Work required – Will you output all of the data below exactly, omitting the images?

Information shown –
- - - - -

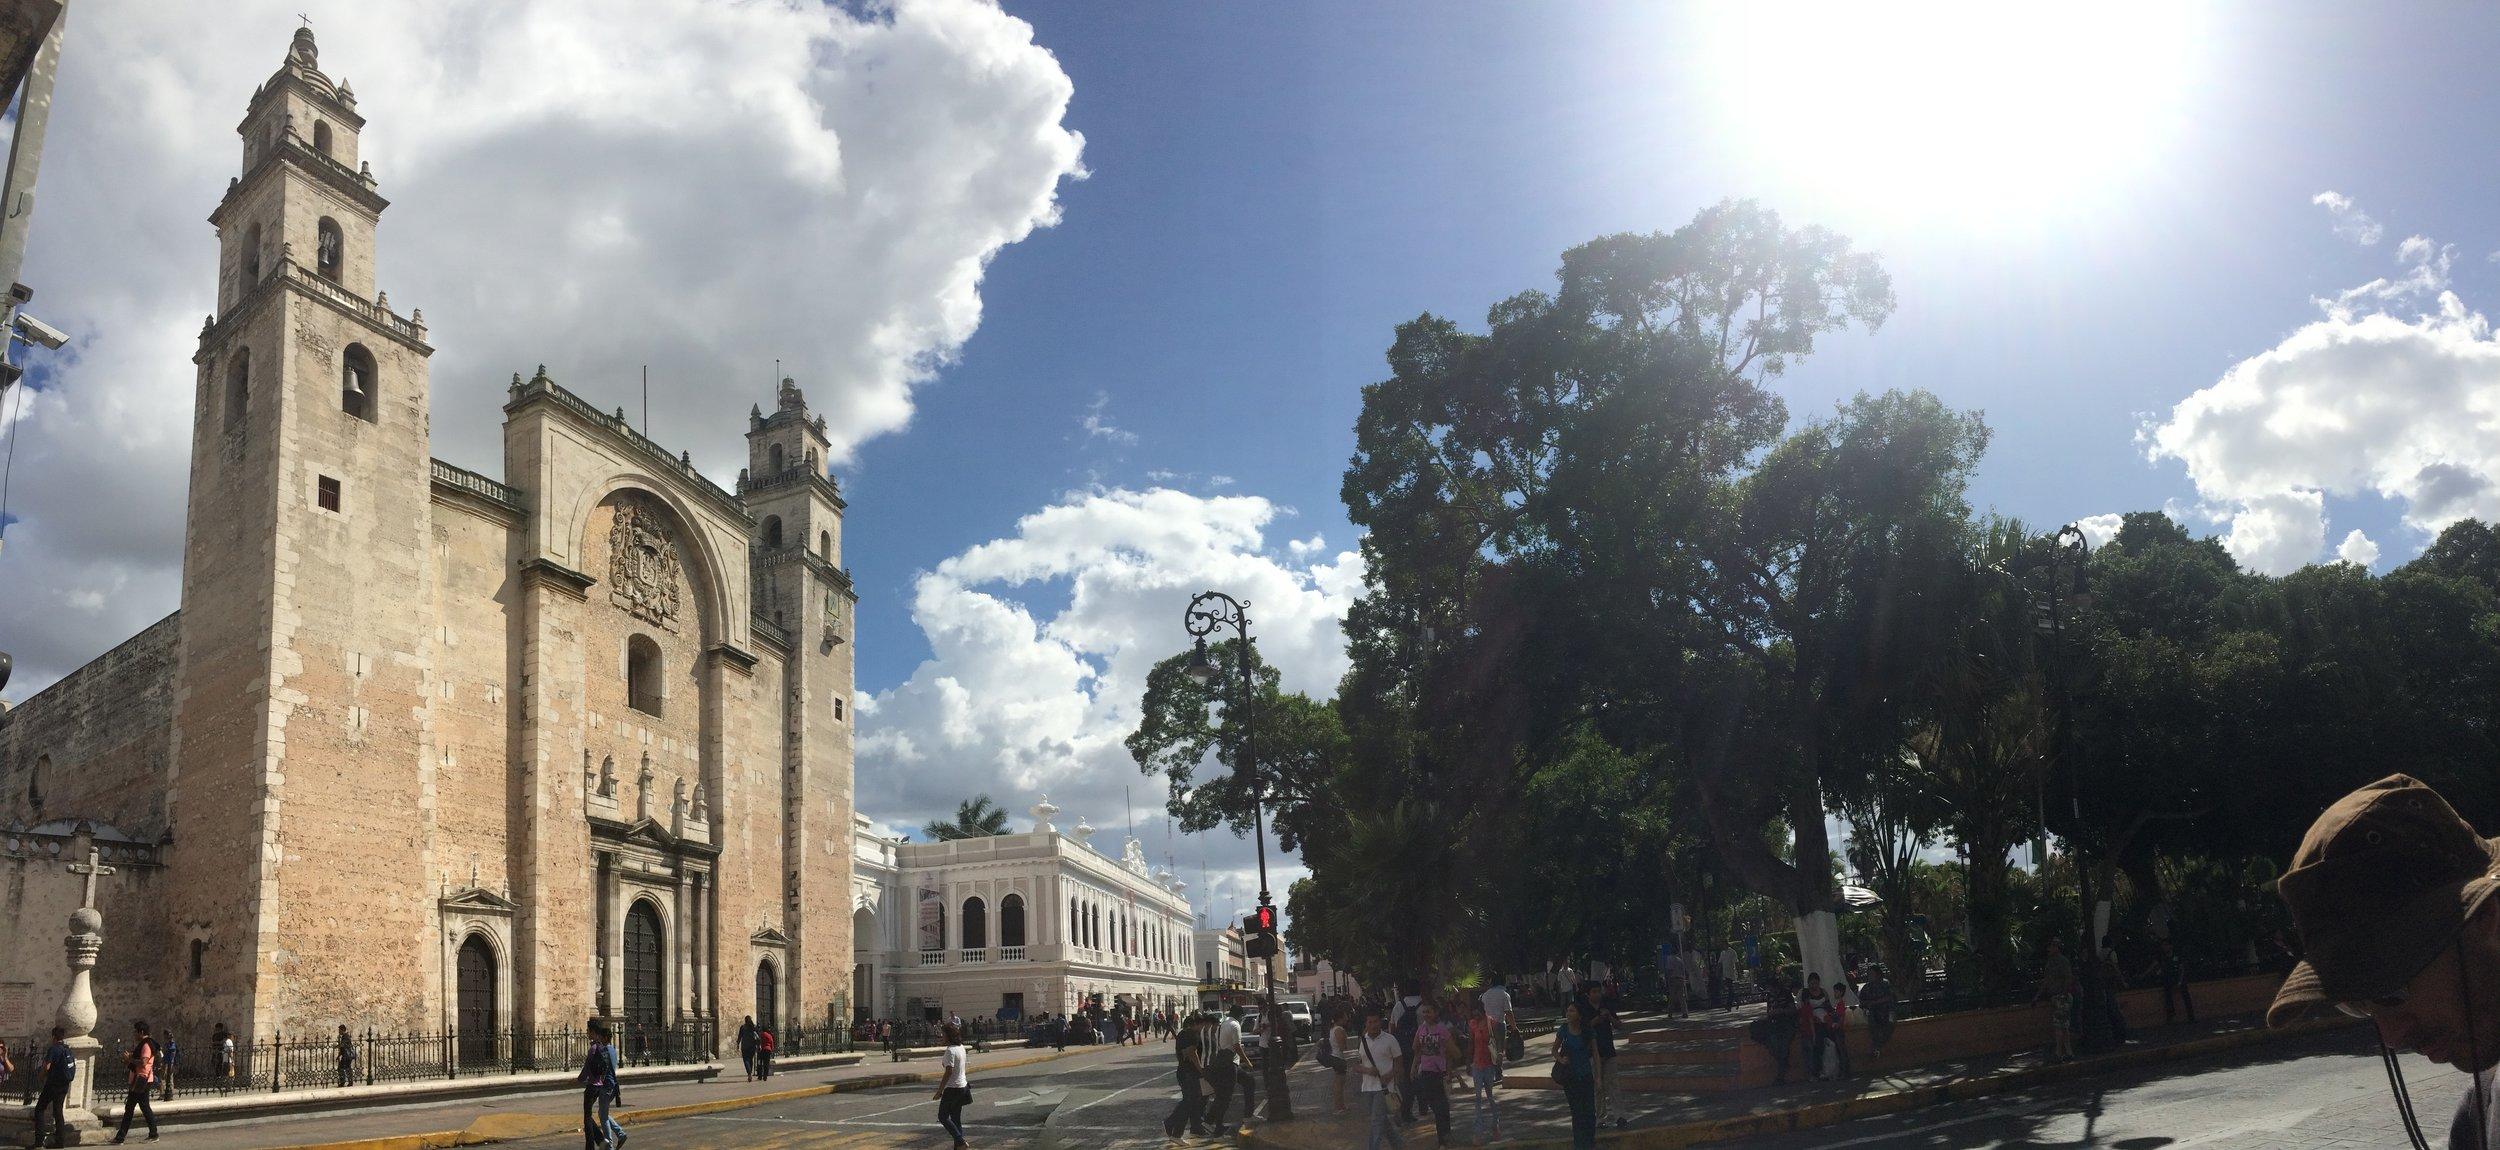 El centro de Mérida <3
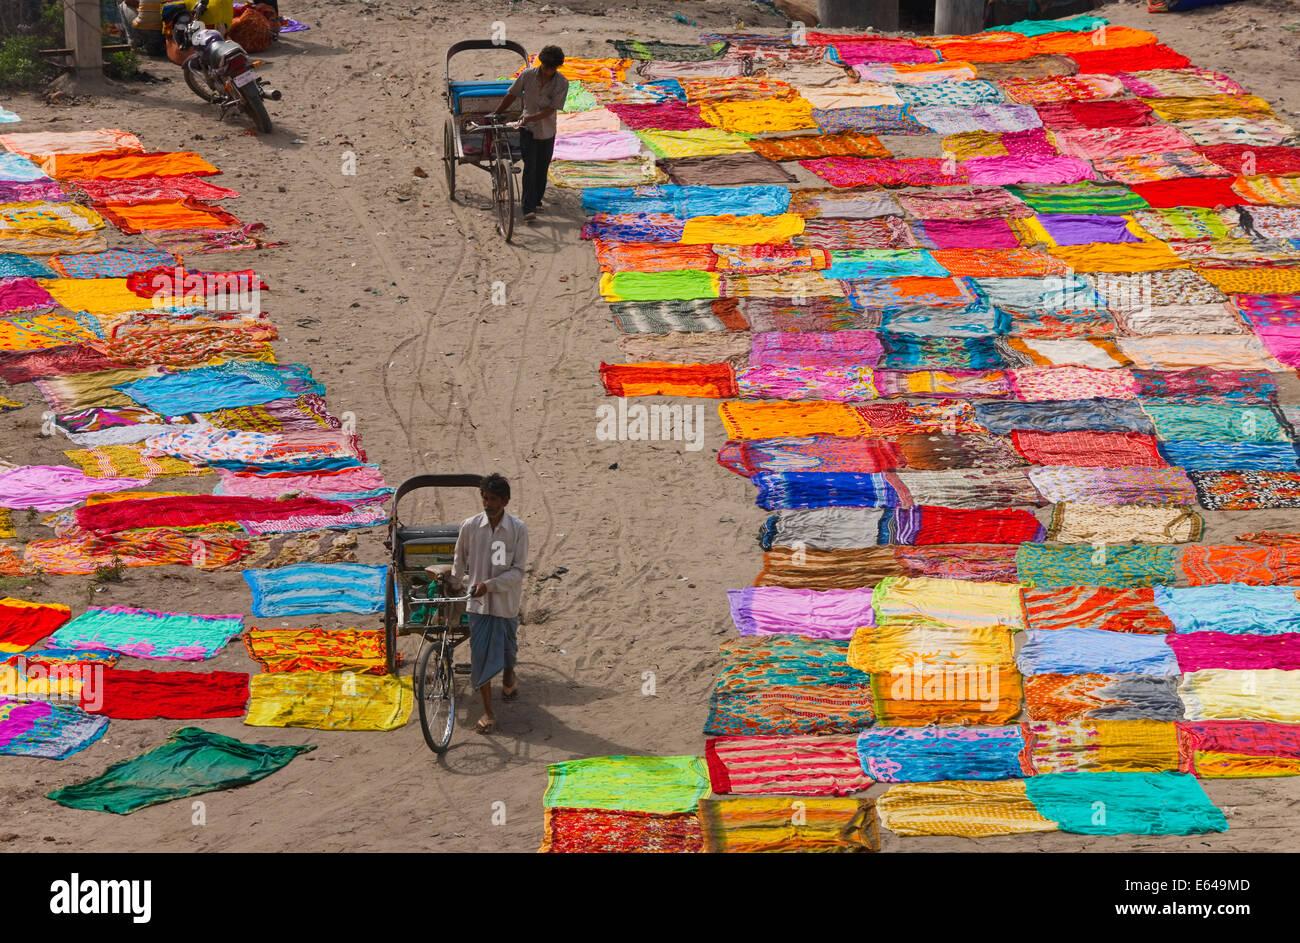 Drying sari's after washing on banks of River Yamuna, Agra, India - Stock Image
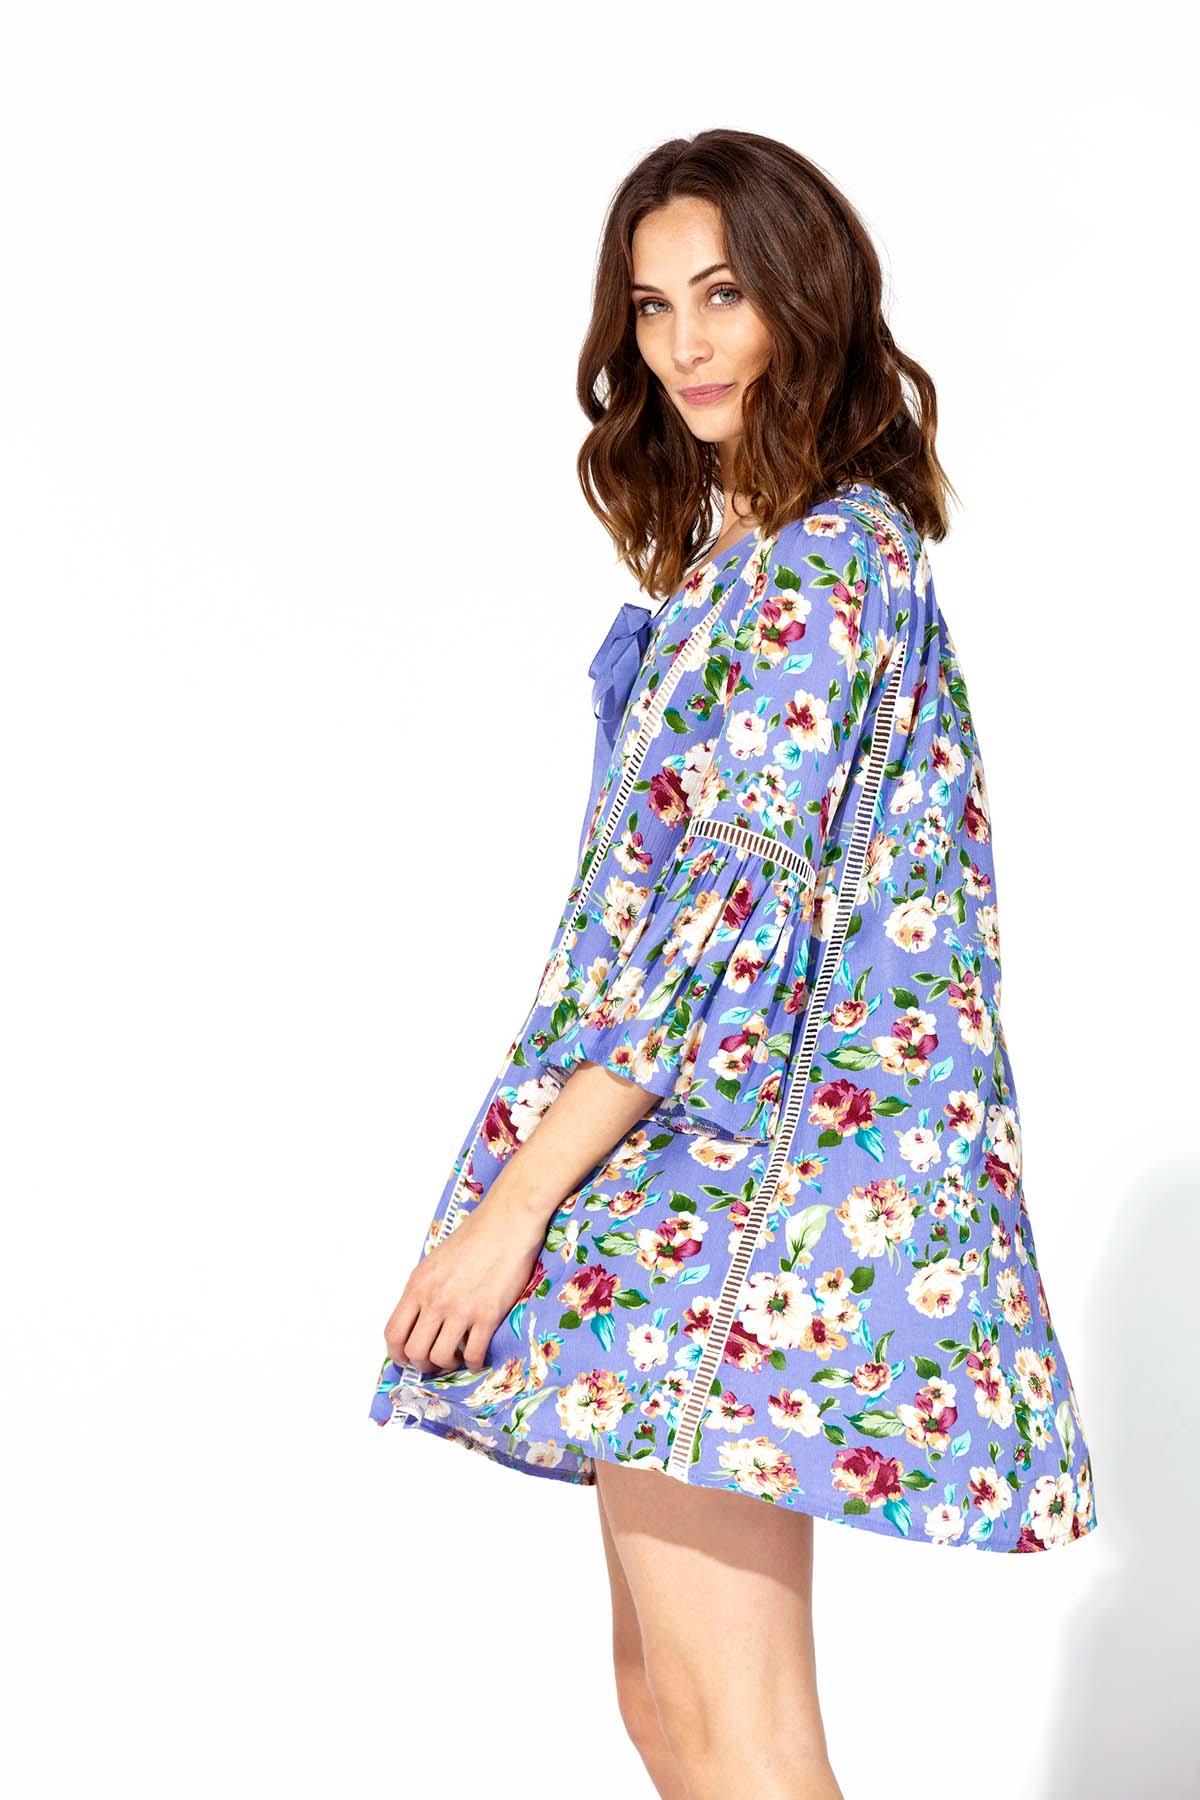 Vestido azul de flores

- - - - -

The answer –
 El centro de Mérida <3
 Drying sari's after washing on banks of River Yamuna, Agra, India - Stock Image
 Vestido azul de flores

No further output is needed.